>>
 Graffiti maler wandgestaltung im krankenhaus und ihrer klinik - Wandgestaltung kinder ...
<<
>>
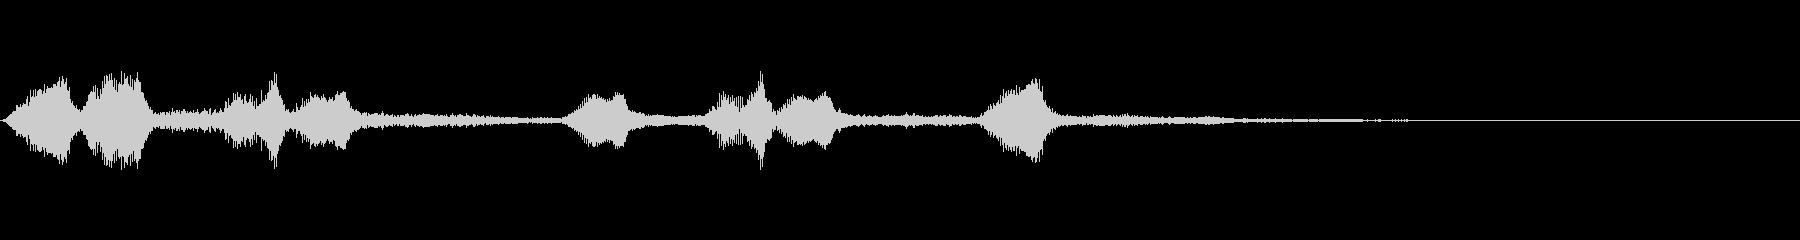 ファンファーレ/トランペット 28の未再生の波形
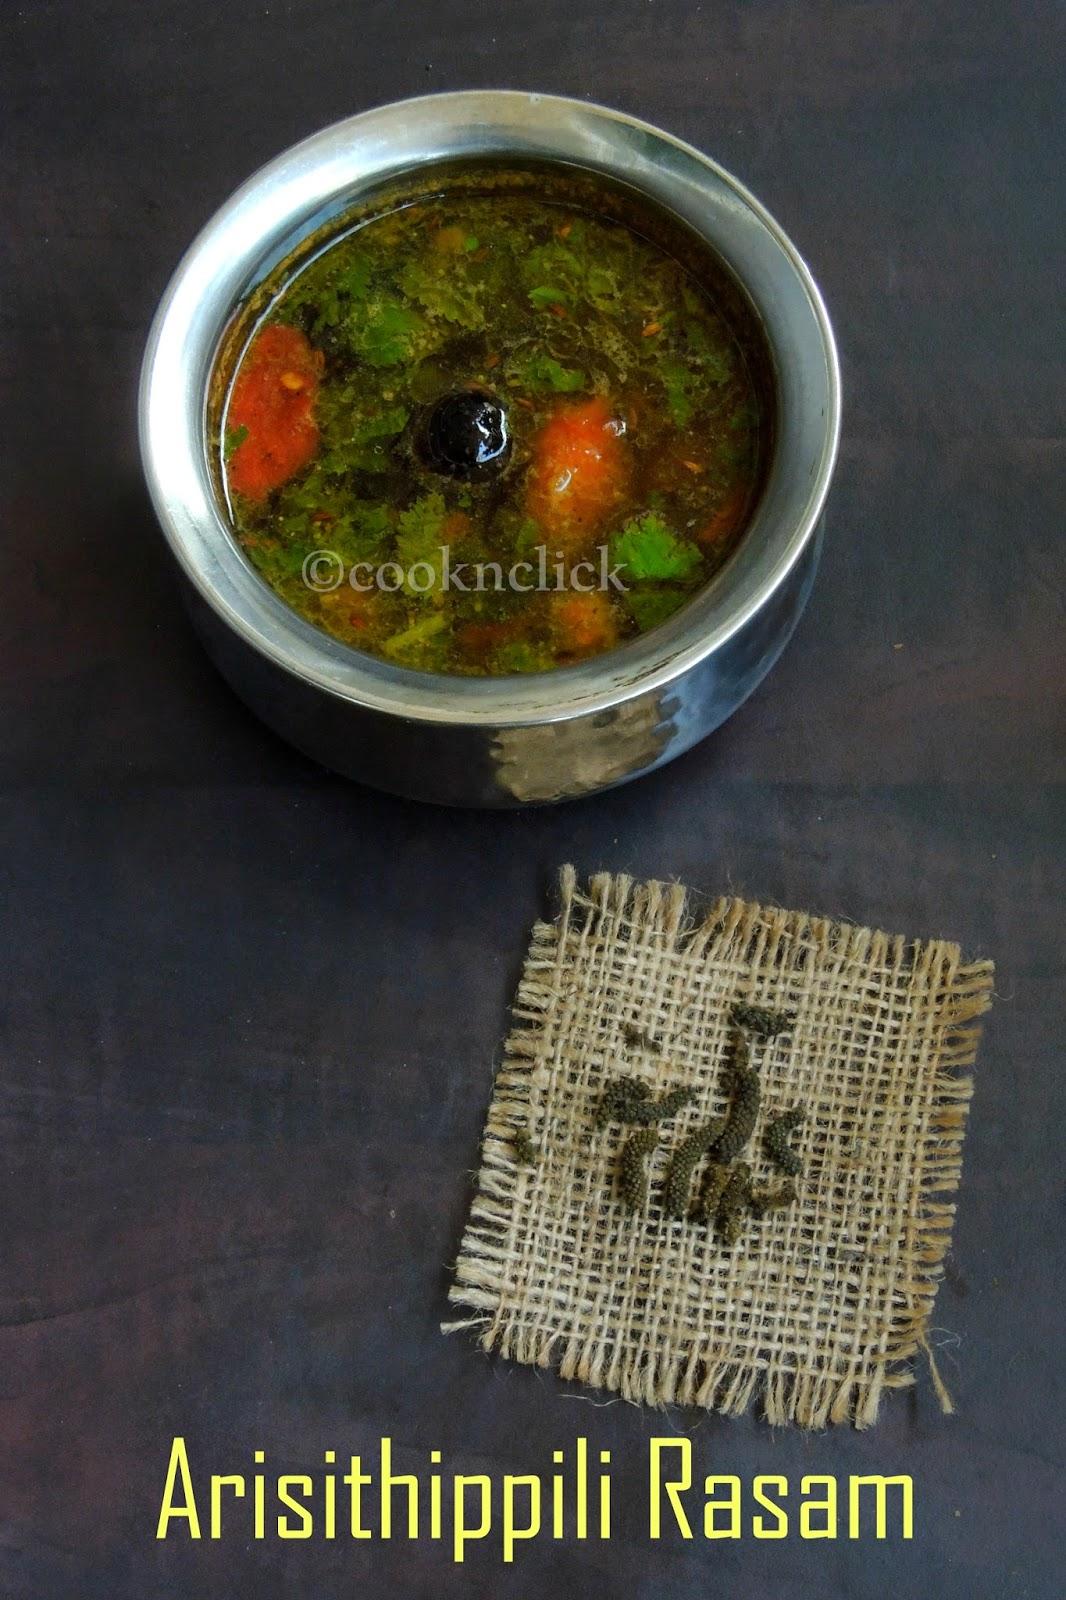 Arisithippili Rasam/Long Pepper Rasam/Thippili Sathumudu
<<
## TASK REQUIREMENTS
In the records above, everything from the line with "ファンファーレ/トランペット 28の未再生の波形" down to the line with "Arisithippili Rasam/Long Pepper" must be duplicated exactly, both lines kept. Leave no pictures in.

## TASK RESPONSE
 ファンファーレ/トランペット 28の未再生の波形
 Arisithippili Rasam/Long Pepper Rasam/Thippili Sathumudu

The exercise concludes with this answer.